Мужики на берегу тоже засуетились, в руках у них появились топоры, под ударами коих задрожали березки в соседней рощице.
Пока купцы, выстроившись цепочкой, передавали друг другу товар и складывали на берегу, мужики нарубили чурок. Подтащили их к кораблю и притопили. Уперев в них шесты, загнали их концы под днище. Затем уже все вместе налегли на «раз-два, взяли».
Со скрежетом корабль слез с камней. Отвели в сторону и вытащили на сушу покорябанный нос. Выловили из воды чурки и вставили их под пробоину, чтоб можно было пролезть с инструментом и смолой.
— Ну, спасибо, люди добрые, — поблагодарил их Афанасий.
— Да чего там, — ответил за всех староста. — В следующий раз аккуратнее под парусом бегайте да лучше правьте.
На том мужики распрощались и растворились в лесу. Обессиленные купцы разложили из обломков шестов костерок и попадали вокруг.
— Какие славные люди, — пробормотал Хитрован.
Остальные посмотрели на него удивленно, но смолчали.
— Да, повезло, что они рядом очутились, — согласился Михаил.
— И взяли немного, — добавил Андрей Прокопьев. — Могли и вдвое запросить, все равно другой помощи тут ждать неоткуда.
От сваленных под деревьями тюков вернулся один из племянников, отправленный принести еды и питья.
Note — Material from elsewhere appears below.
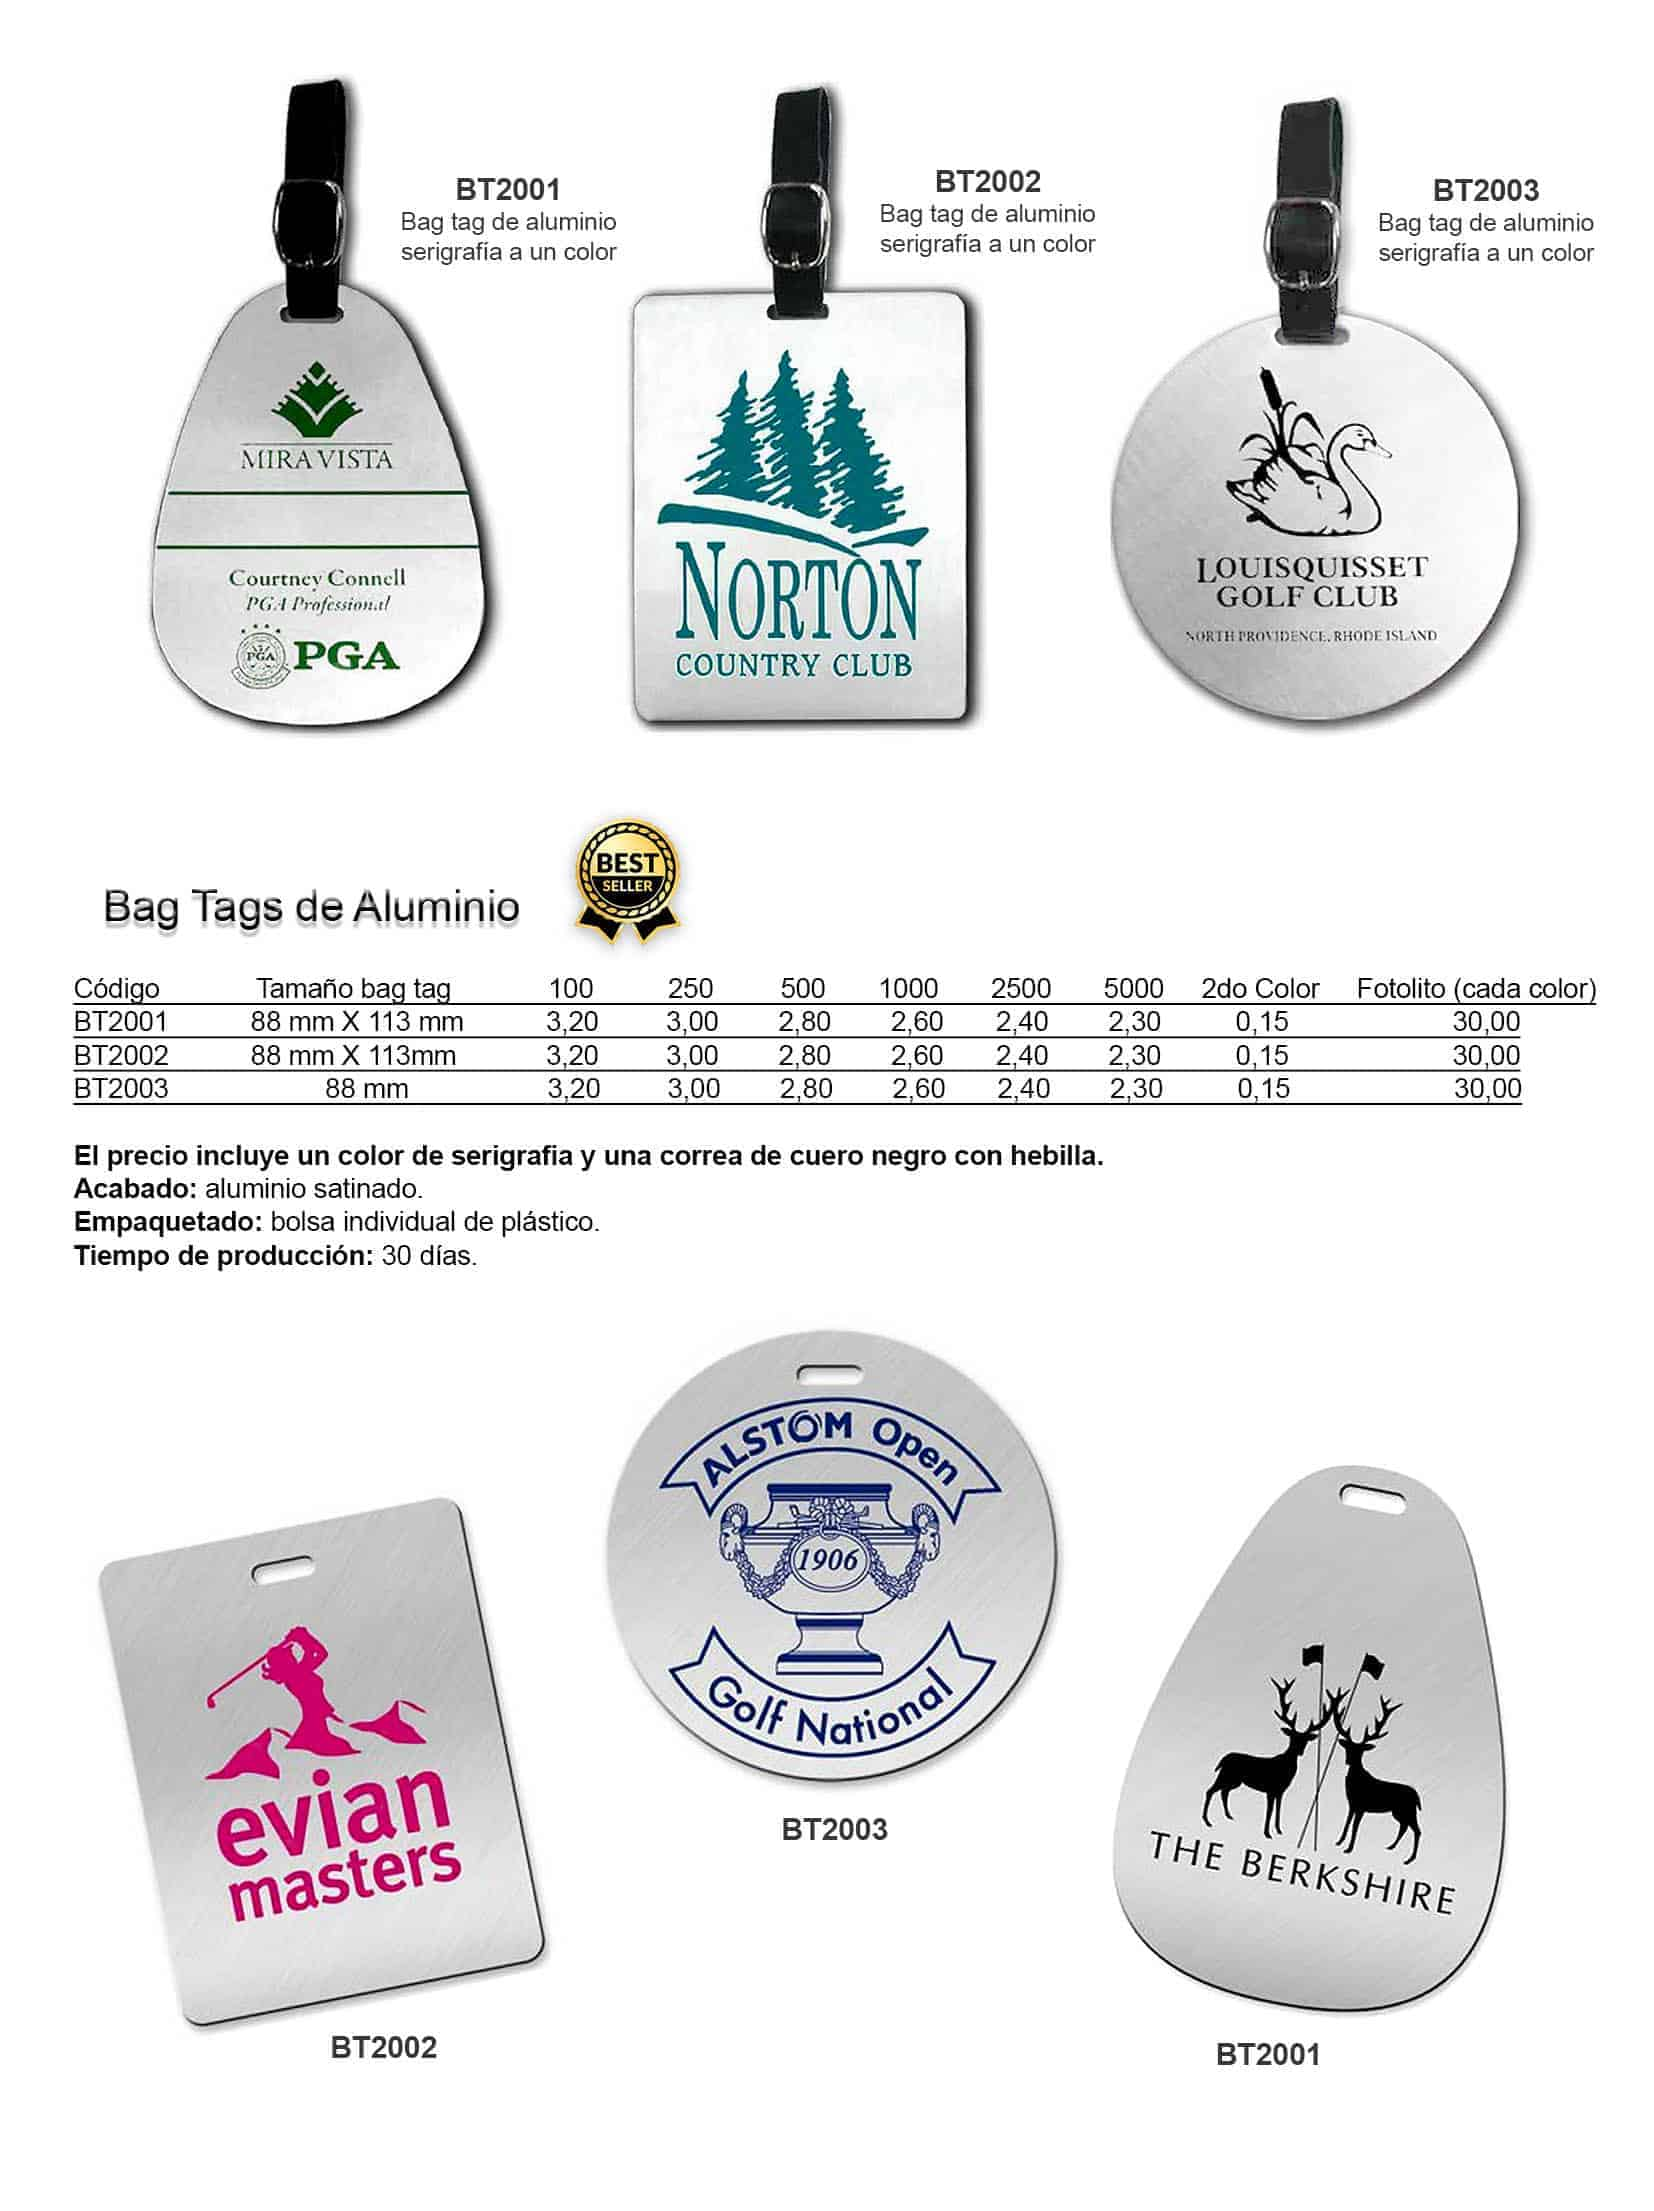 Bag tags de aluminio personalizados

В руках у него ничего не было, лицо бледное, нижняя челюсть подрагивает, кадык ходит ходуном. Было видно, что он хочет что-то сказать, да не решается.
— Ну, что встал столбом? — подбодрил его Хитрован. — Говори, что там у тебя стряслось.
— Товара… — проблеял он.
— Что товара? Да говори толком, — взъярился купец.
— Товара не хватает, — с трудом выдавил тот из себя.
— Как не хватает? — спросил Афанасий, чувствуя, как холодеет все внутри.
— Так, тюков с рухлядью мягкой штук десяти нет, бочки одной с медами нету тож. И вещей… Сумка моя, а там иконка в серебряном окладе да денег чуть.
Афанасий, чертыхнувшись, вскочил на ноги, бросился к кургану сваленных на берегу вещей. Принялся считать. И впрямь, многого не хватало. Подошли другие купцы, покачивая головами и цокая языками, принялись считать убыток.
— Видать, пока мы в воде корячились с этими помощниками, сообчники их подошли да поперли добро наше, — подвел грустный итог Михаил. — Даже пушечку увели, проклятые.
— Ну, люди торговые, что делать будем? — первым опомнился Андрей, самый мудрый и рассудительный.
— Что тут сделаешь? — горько покачал головой Хитрован. — Чинить надо струг да дальше отправляться, пока еще какой напасти не случилось.
Шипша, не раз изведавший на Руси горя от разбойников и от люда чиновного, согласно закивал головой.
— Что, прямо вот так и отправляться? Без добра своего? — спросил Афанасий.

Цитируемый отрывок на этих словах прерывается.